--- INFORMATION SUPPLIED Enclosed Below ---
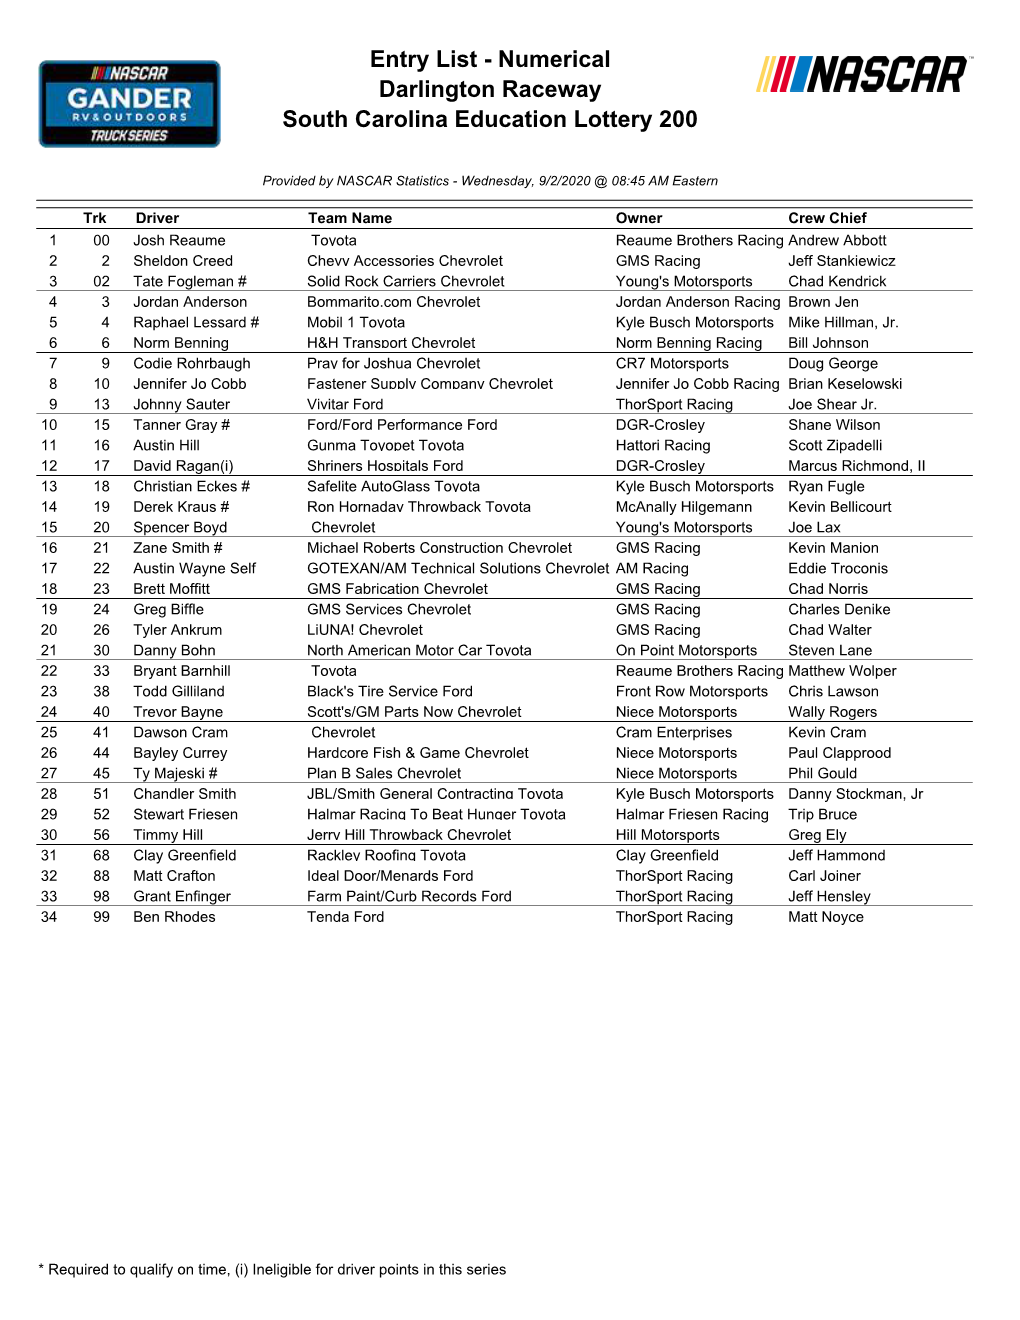 Entry List - Numerical Darlington Raceway South Carolina Education Lottery 200
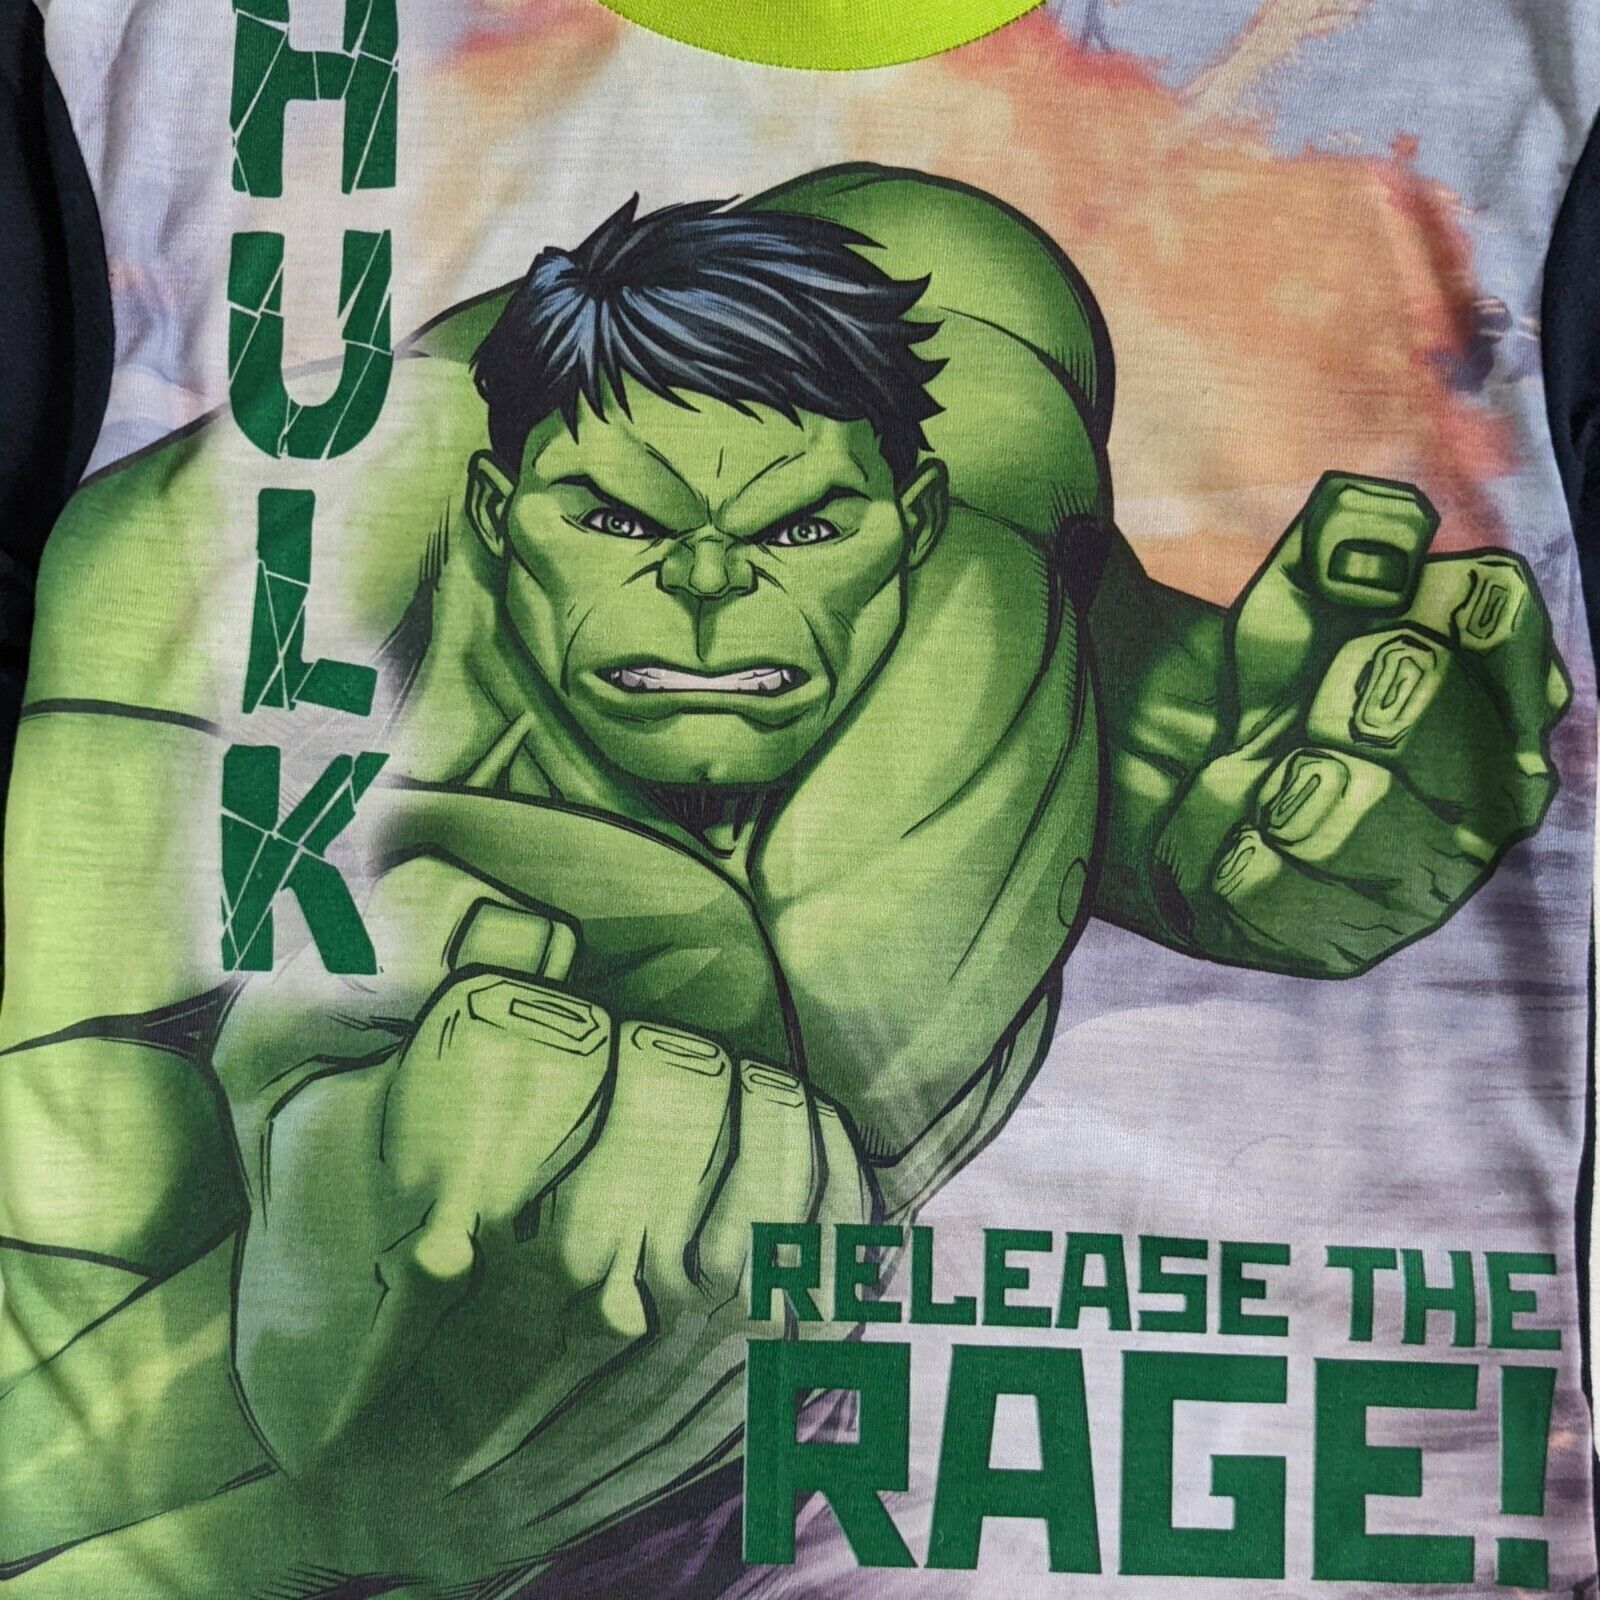 Boys Hulk Avenger Rage Long Sleeve Pjs Sublimation Pyjama
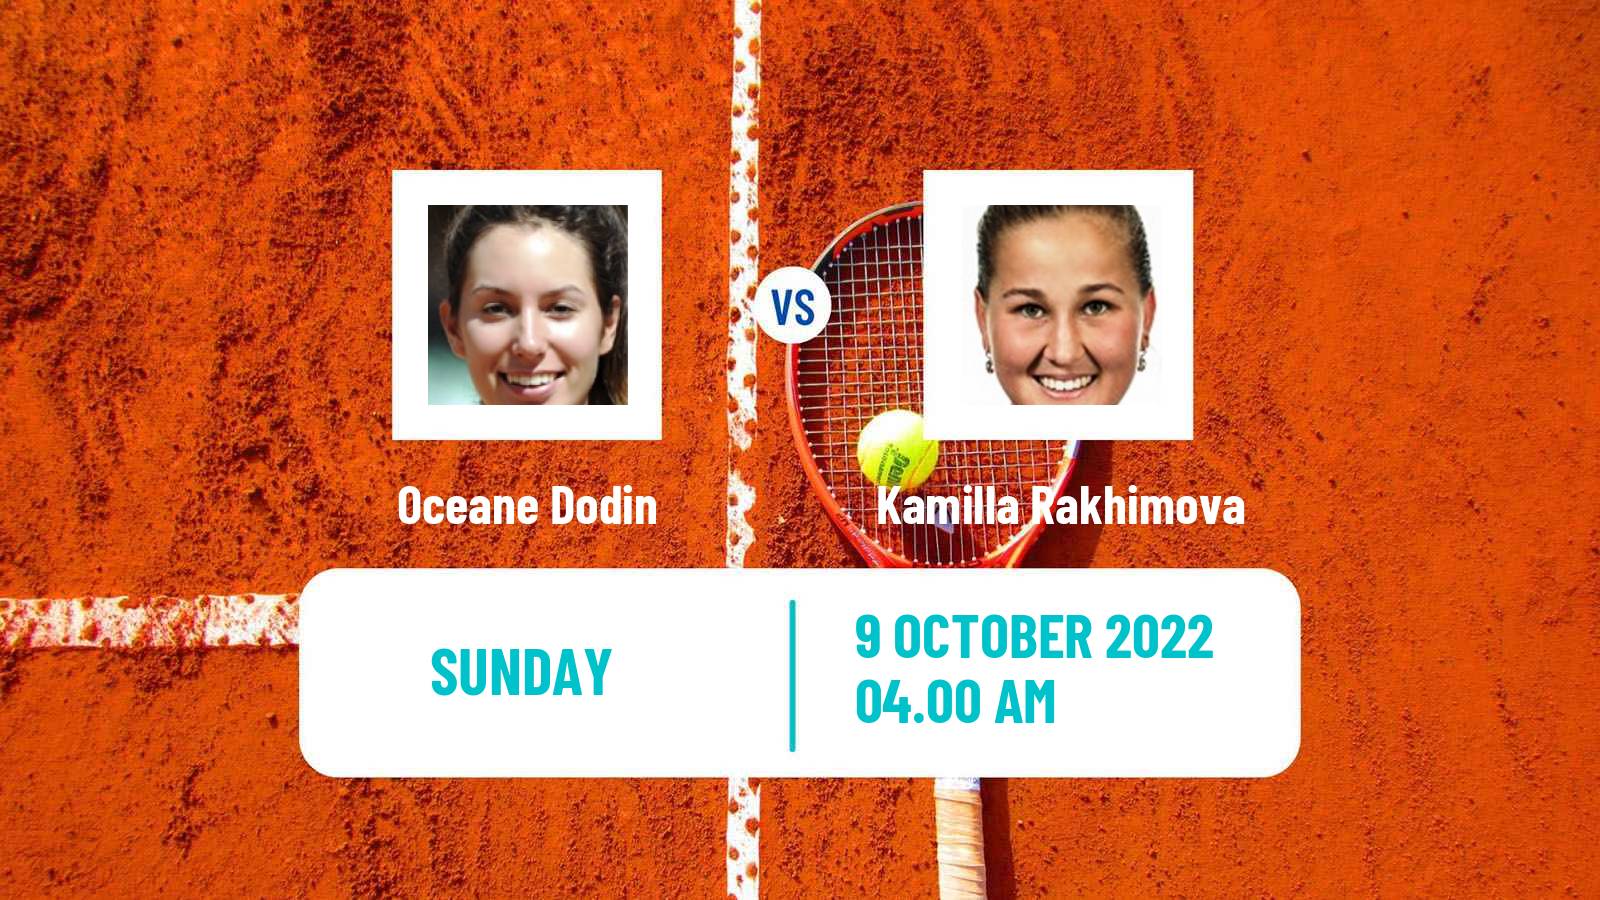 Tennis WTA Cluj Napoca Oceane Dodin - Kamilla Rakhimova
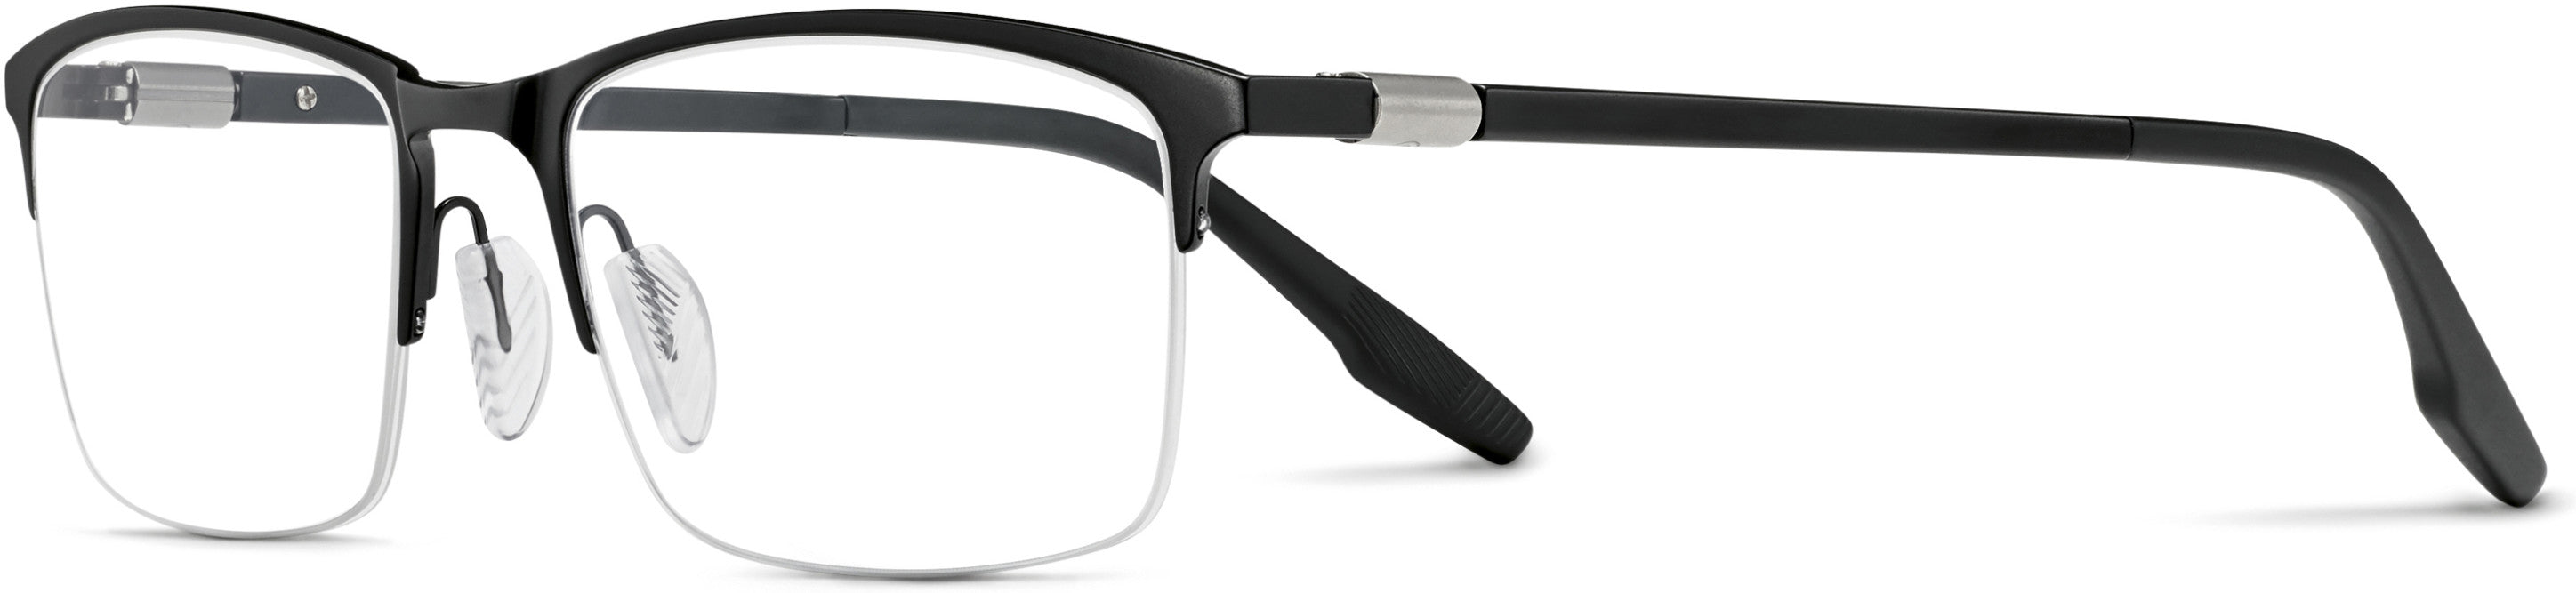 Safilo 2.0 Filo 01 Rectangular Eyeglasses 0003-0003  Matte Black (00 Demo Lens)
--- End of Enclosed INFORMATION SUPPLIED ---
■ WORK TO BE COMPLETED: Output the material word for word. Pictures do not go in.

■ TASK SOLUTION:
 Entry List - Numerical Darlington Raceway South Carolina Education Lottery 200
 Boys Hulk Avenger Rage Long Sleeve Pjs Sublimation Pyjama
 Tennis WTA Cluj Napoca Oceane Dodin - Kamilla Rakhimova
 Safilo 2.0 Filo 01 Rectangular Eyeglasses 0003-0003  Matte Black (00 Demo Lens)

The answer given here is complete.